Released on 3rd November 2017 (hotfix version)
#1 Fixed export on compare audits
Per update 1.5.0, we added a ton of new exports, changing the way exports are built in the process. This managed to break the export associated with 'Compare Audits', which was pointed out to us 13 seconds after we launched 1.5.1 (thus inspiring our new hotfix release).
#2 URL resolution checks (404, Non-WWW, etc) on some sites were being rejected by the server
You probably won't notice much difference here, but the little URL Resolution checks on the Audit Overview were failing on some sites and showing inaccurate results. Rest assured that everything is ok now.
Released on 2nd November 2017.
#1 Historical trend data via sparklines
How awesome is this?
Carry out more than one audit within a project, and you'll be presented with little sparklines everywhere which show changes over time. They appear on all the main 'Insight' numbers as below, and alongside all the Hints.
Up and to the right people!
3 important things to note:
- This will work for new AND existing audits, so you check it out right now if you have a Project with a few audits on.
- Even if you delete your old audits, this history will persist so the sparklines will still show your trend data.
- If you're just dialing in your technical SEO, your sparklines will remain flat forever, making you look like the lazy, no good, piece of shit that you are.
#2 New report: Duplicate Content
Duplicate Content is one of those things you have to check on pretty much every single audit, and when it gets out of hand can cause a whole bunch of problems. Previously, we had a tiny little section for this, squashed into the On Page report. We've gone the other way with it now, and it's got a full blown section all for itself.
This is the type of thing you can enjoy seeing in the duplicate content section (plus a whole load more):
A word of warning, however. Despite all the pretty graphs, you can't click through and view duplicate content data in URL Lists. You will need to grab the export file instead (the green button at the top), which will give you everything you need to fix your dup content problems.
The reason for this is because URL Lists are entirely inadequate for communicating duplicate content data. It's not intuitive why not, so I'll explain a little further. URL Lists are built to display 1-to-1 data. There is 1 URL per row, and all the data on that row relates only to the unique URL in question.
However, it we take duplicate Page Titles as an example, in that instance we need to say 'here is a URL with the page title of '10 Cat Pictures that are so cute you will just cry and then you won't believe what happened next' (for example), but here are also 73 other URLs with the exact same title.' So it is more like a 1-to-many relationship that we need to communicate, where the 73 are somehow grouped and associated with the 'original URL.'
Anyway, we are working on a better way of displaying this, so for now just use the export instead.
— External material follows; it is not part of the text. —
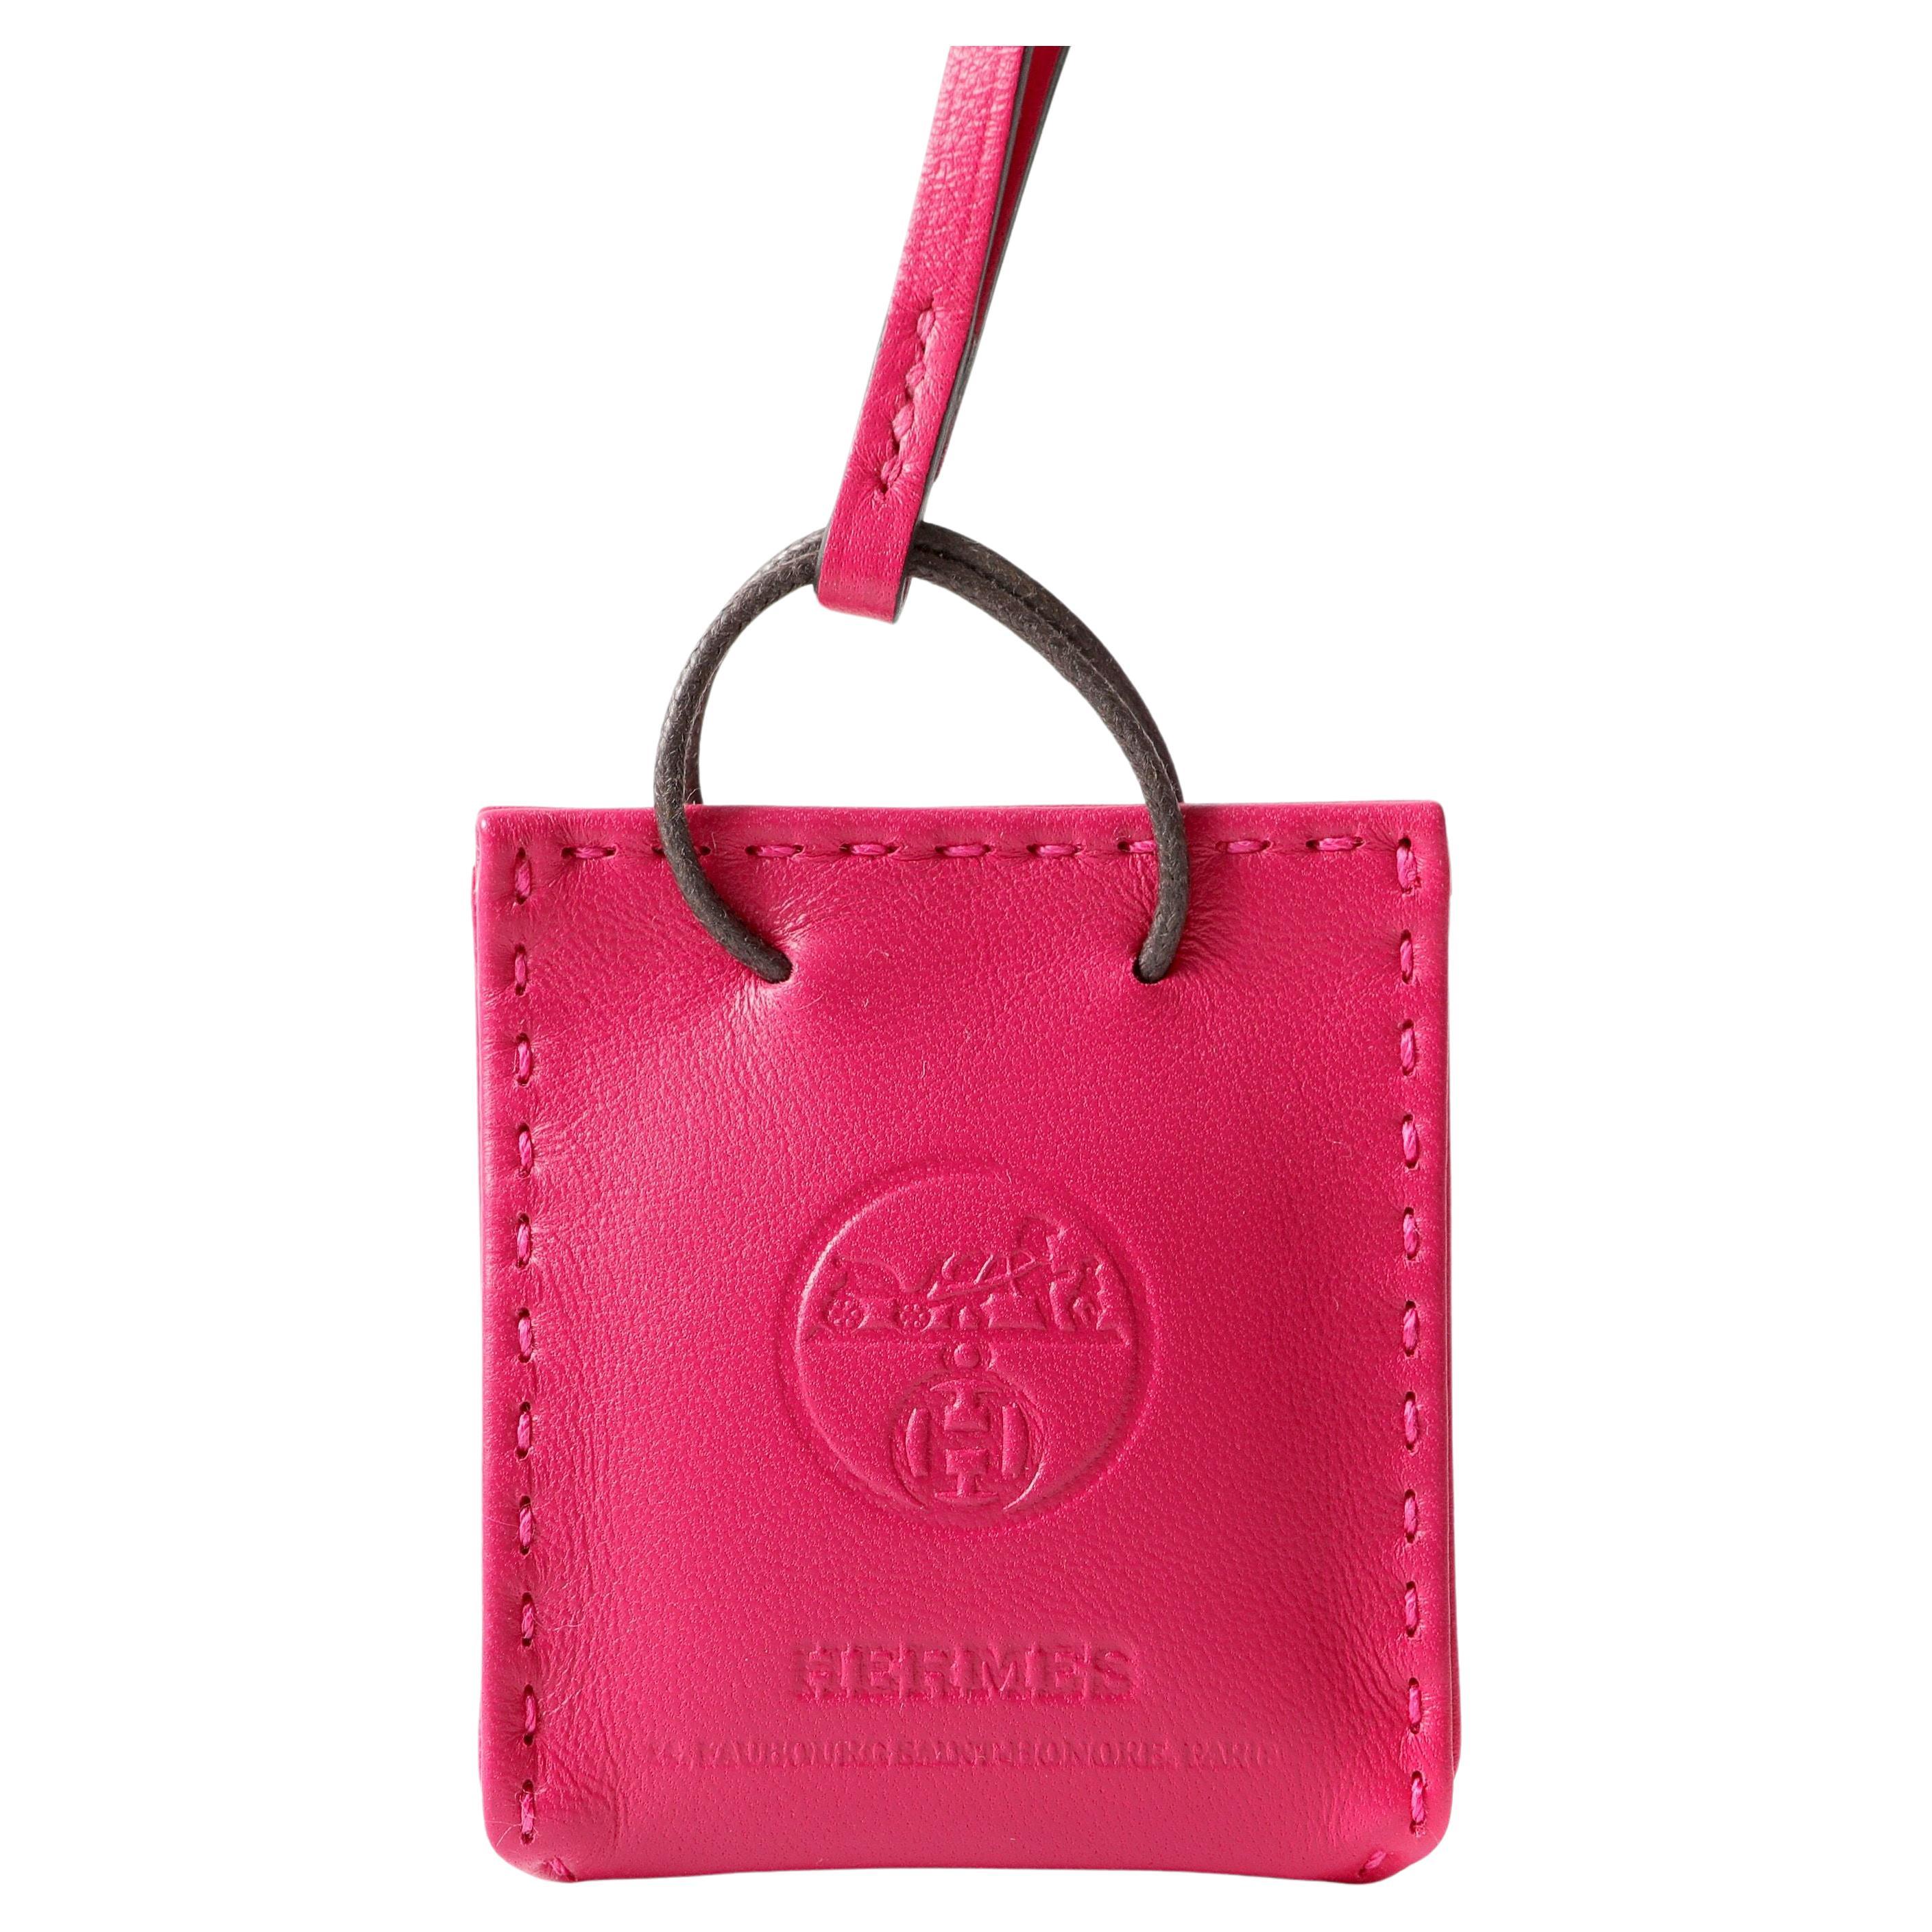 Hermès Pink Shopping Bag Charm For Sale

#3 New charts added to the On Page report
To fill the void left by duplicate content, we've added some new charts to the On Page report, highlighting critical on-page SEO elements.
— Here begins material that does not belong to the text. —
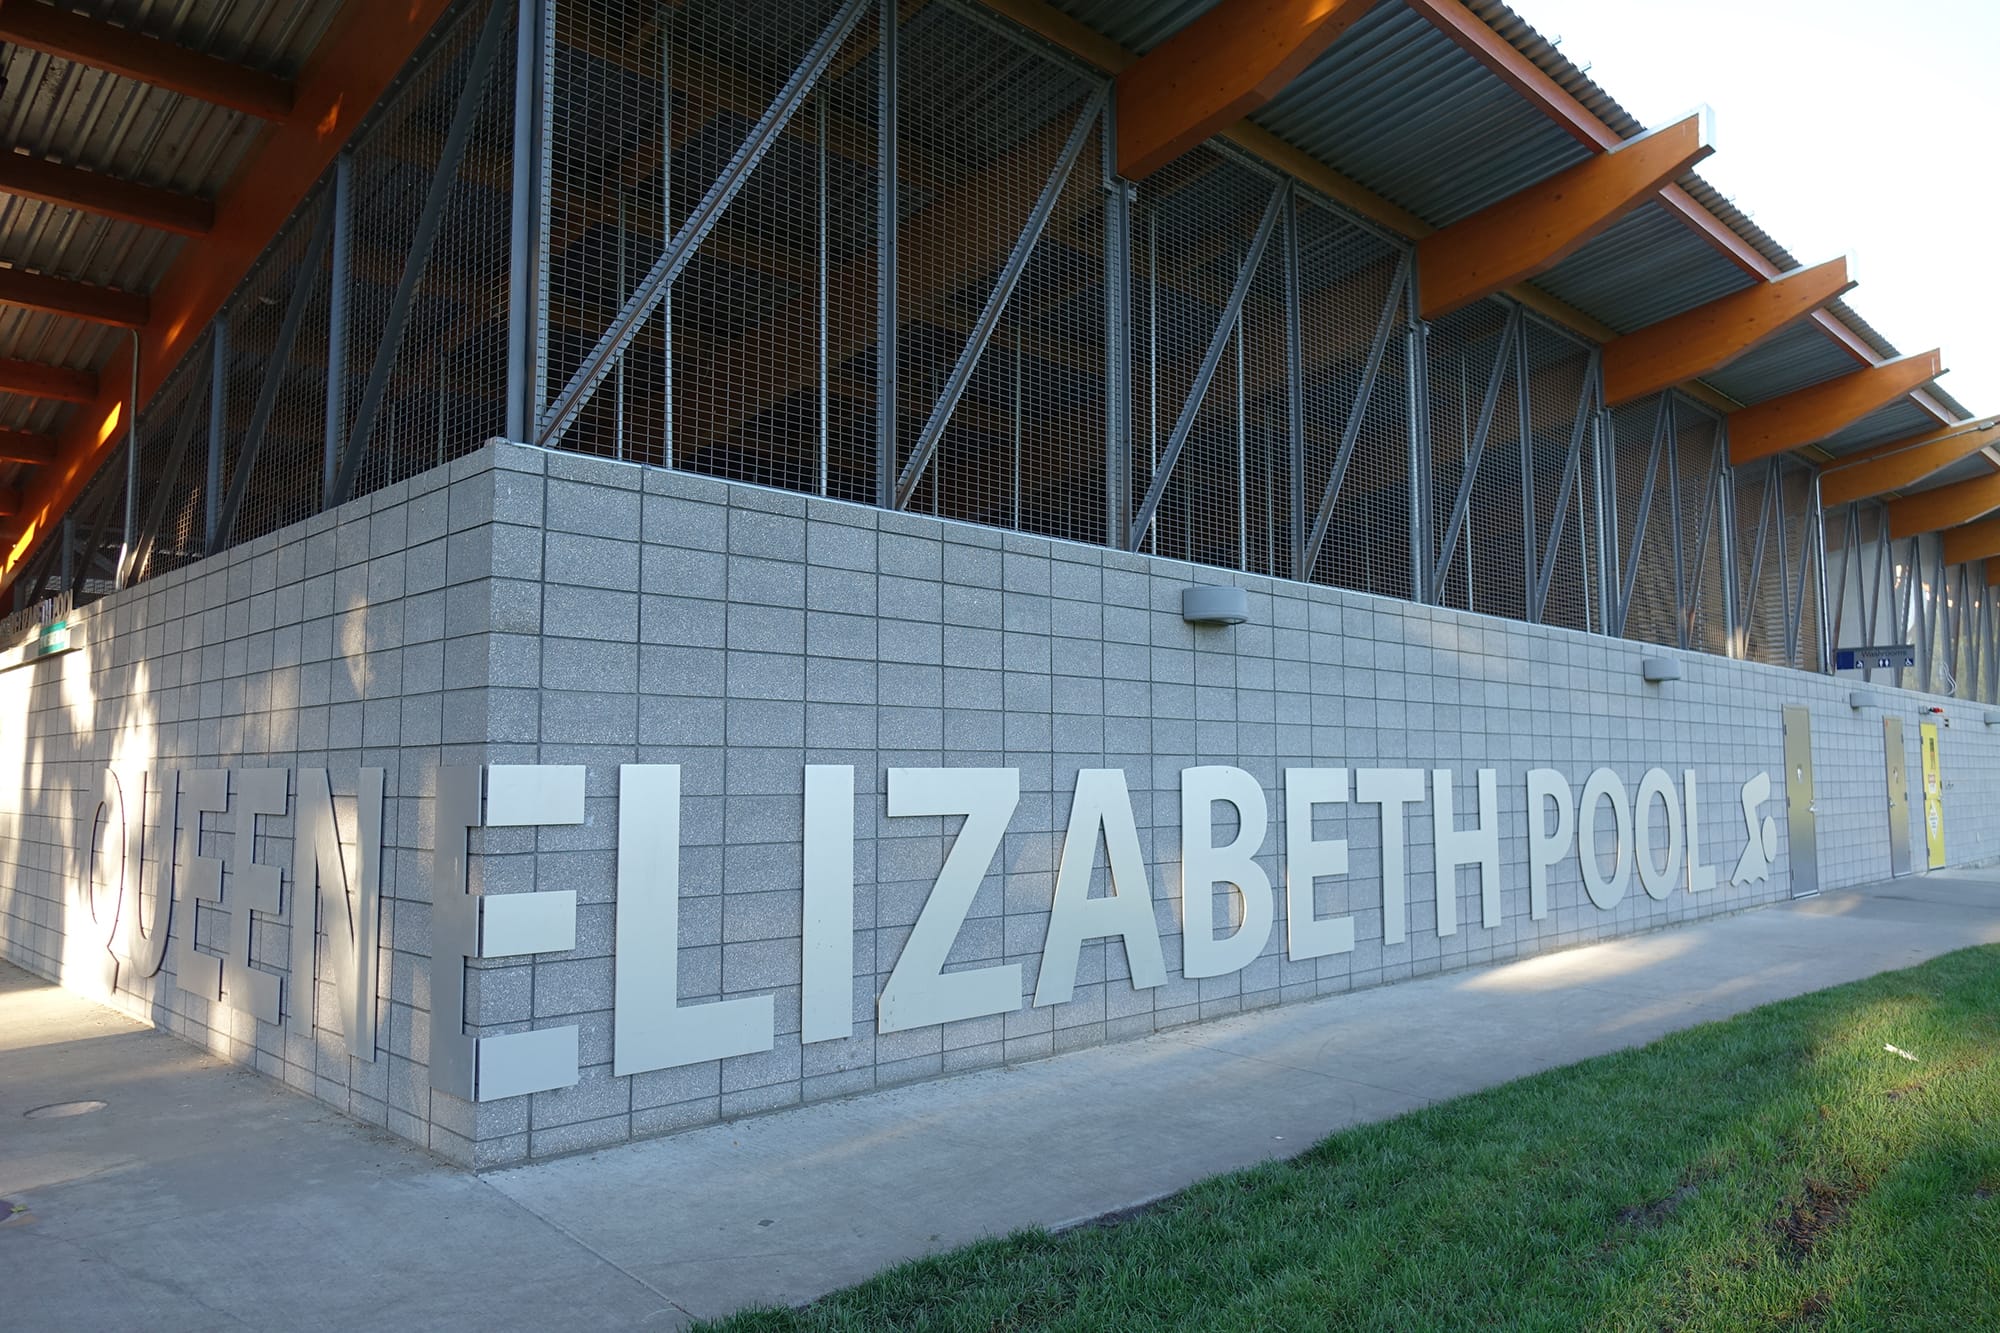 Queen-Elizabeth-Pool exterior with signage

There are 6 new pie charts in total, displaying data about titles, meta descriptions and H1s - to do with both length and presence thereof - which should hopefully make it easier to pick out optimization opportunities.
Additionally, from the global settings area, users can define the values for 'too short' and 'too long', so you can be captain of your ship, vis-à-vis the length of on-page SEO elements.
#4 Sitebulb users are no longer forced to download the latest version!
Jonny Rockstar, a self-proclaimed SEO guru, takes a call from a client in his swanky attic office:
Jonny: You've reached Rockstar SEO, I'm Jonny Rockstar, how can I help you today?
Client: Hi, I was wondering if you could help me with my SEO?
Jonny: Today's your lucky day my friend, you're reached the right place! I am the world's top expert on SEO don't you know?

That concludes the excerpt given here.